O ultimo ano em que a Roma foi potência

Como todos viram ontem, a Roma tomou um chocolate do Barcelona por 6×1, jogou muito mal e foi criticada pela imprensa italiana, ultimamente a Roma vêm figurando entre os times médios do continente, mas nem sempre foi assim. Em 2001 a Roma montaria um super esquadrão que conquistaria o Scudetto daquela temporada.

Quando o século XX terminou, os torcedores da AS Roma não tiveram muito que comemorar. O clube da capital italiana não vencia um grande título há 18 anos, a rival Lazio tinha acabado de levantar o Scudetto e a cidade eterna ganhava como cores predominantes o azul-celeste e o branco. Mas, na primeira temporada do século XXI, novos ares arejaram o Coliseu e o imponente estádio Olímpico. Era hora de a turmaGiallorossi voltar a sorrir. Vibrar. Cantar a plenos pulmões. E, assim como nos anos 80, ter mais um maestro no meio de campo para amar e adorar. Com argentinos, brasileiros, franceses e um filho pródigo bem italiano e legítimo cavaleiro romano, Francesco Totti, a Roma não deixou a torcida da Lazio celebrar por muito tempo e conquistou, na temporada 2000-2001, seu terceiro título nacional de maneira incontestável e inesquecível. Com um futebol eficiente, equilibrado e legitimamente competitivo como manda o script do técnico Fabio Capello, a equipe trucidou os rivais e repintou a capital italiana com o grená e o amarelo que temperaram os mais diversos gramados do Calcio. Foi uma das maiores festas já vistas na Itália e mais de um milhão de torcedores lotaram o Circo Massimo, muito mais gente do que a própria Seleção Italiana levou às ruas após o título mundial de 2006, uma façanha que só a Roma consegue proporcionar. Afinal, quando a equipe da loba vence, é com estilo e com pompa. É hora de relembrar.

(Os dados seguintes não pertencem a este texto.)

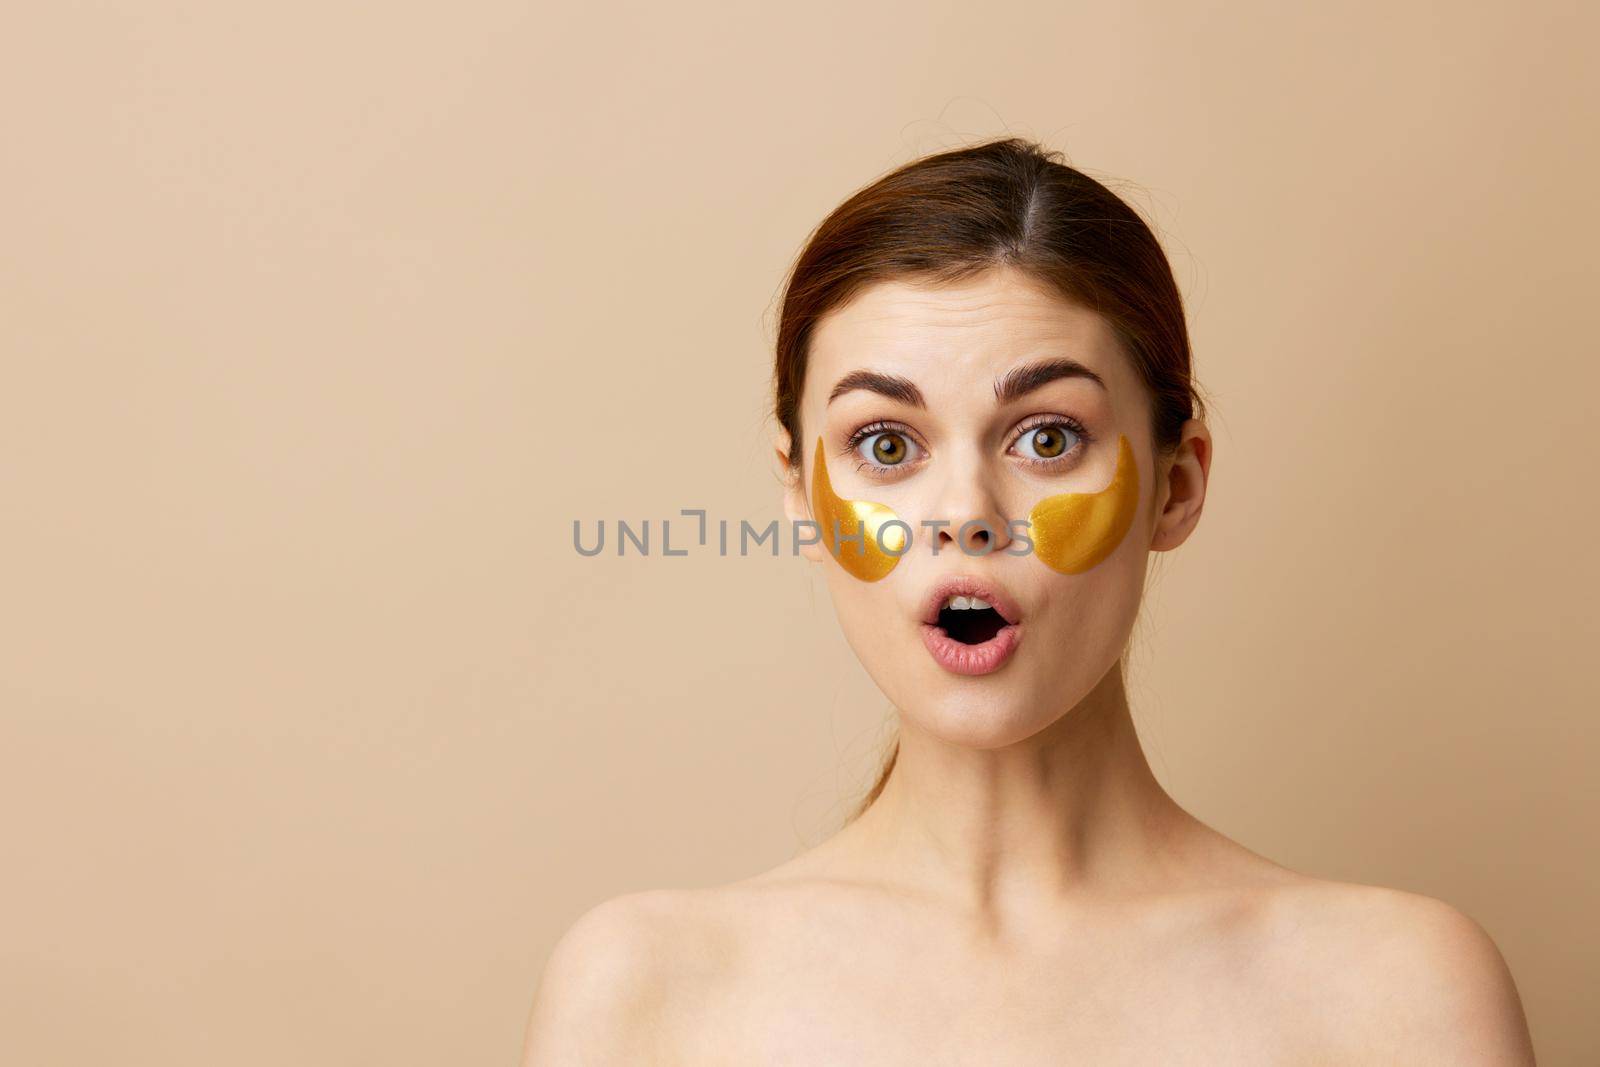 pretty woman skin care face patches bare shoulders hygiene close-up Lifestyle. High quality photo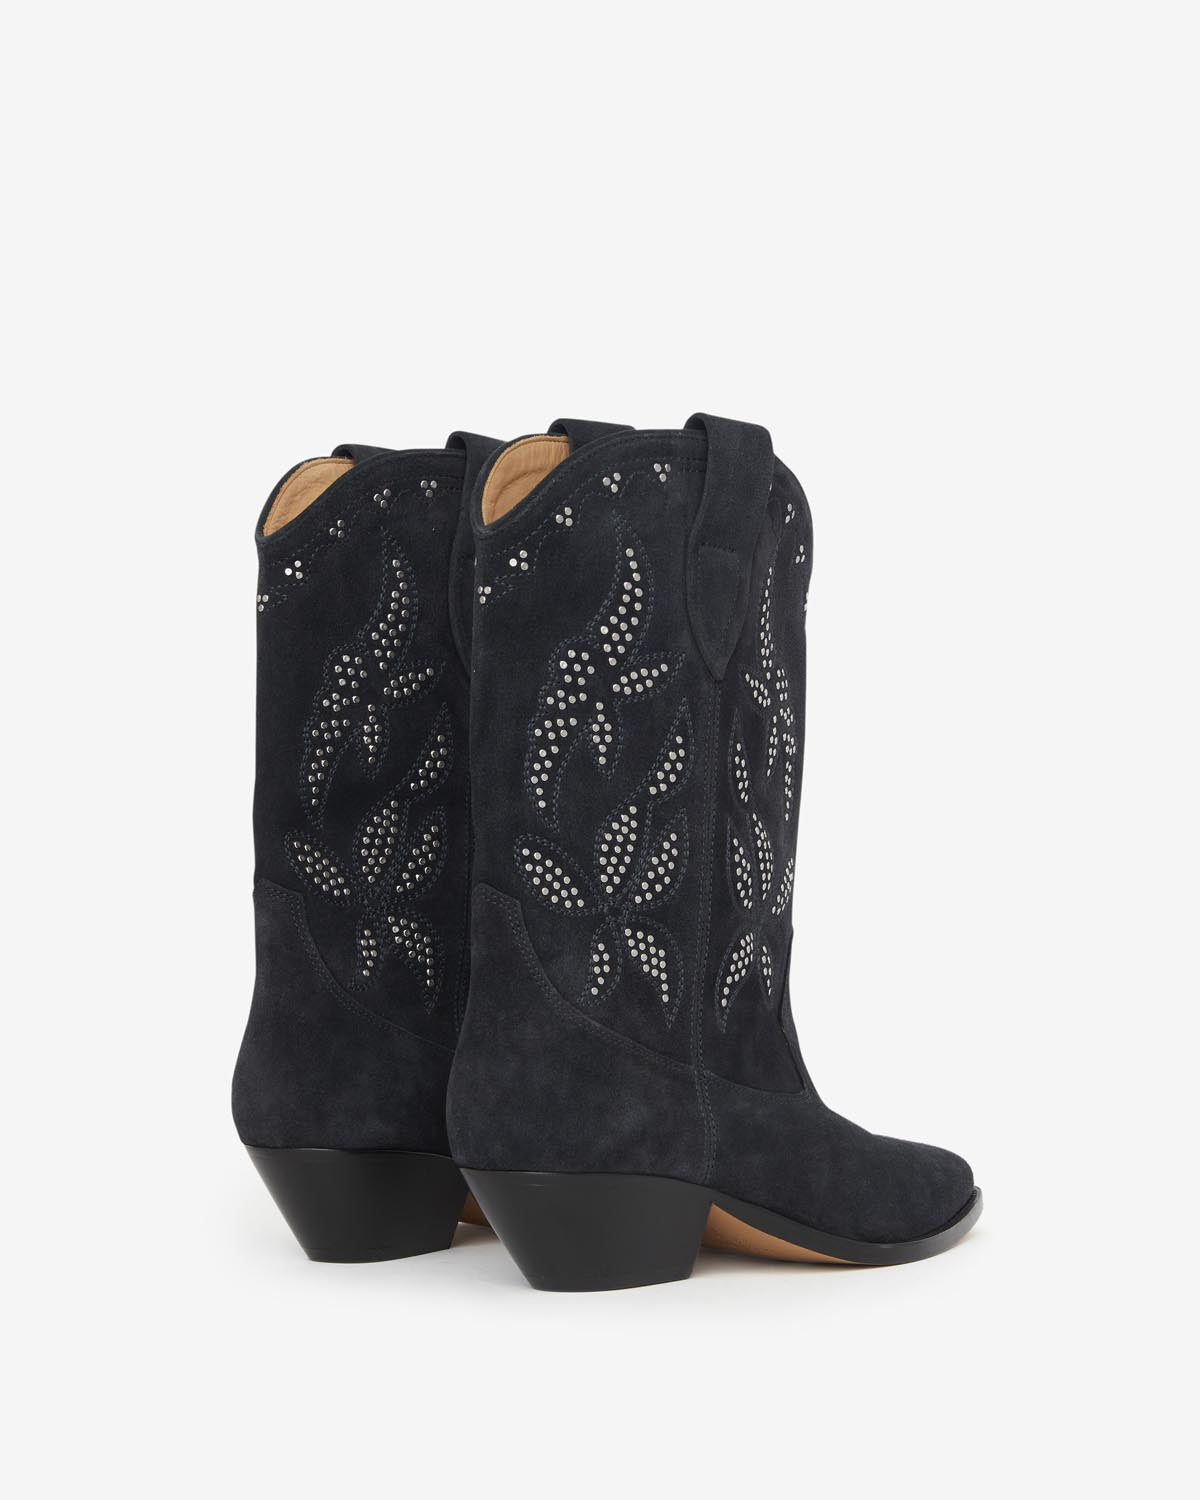 Boots duerto Woman Faded black-silver 2

 Há mais de uma década enfrentando um incômodo jejum, a Roma teve seu orgulho ferido quando a rival Lazio começou a montar um esquadrão cheio de craques no final do século XX. Graças ao dinheiro de Sergio Cragnotti, o time celeste reuniu estrelas como Nesta, Mihajlovic, Stankovic, Simeone, Verón, Roberto Mancini, Nedved, Salas, Vieri e Crespo e conquistou títulos inéditos e históricos. Teve Recopa da UEFA, Supercopa da UEFA, Supercopas da Itália, Copas da Itália e um Campeonato Italiano, este na temporada 1999-2000. Ver o maior rival levantar taças a rodo e ficar de mãos abanando foi a gota d´agua para os romanistas, em especial para o presidente Franco Sensi, que não titubeou em fazer da temporada seguinte ao Scudetto da Lazio a derradeira para sua querida Roma voltar a sorrir.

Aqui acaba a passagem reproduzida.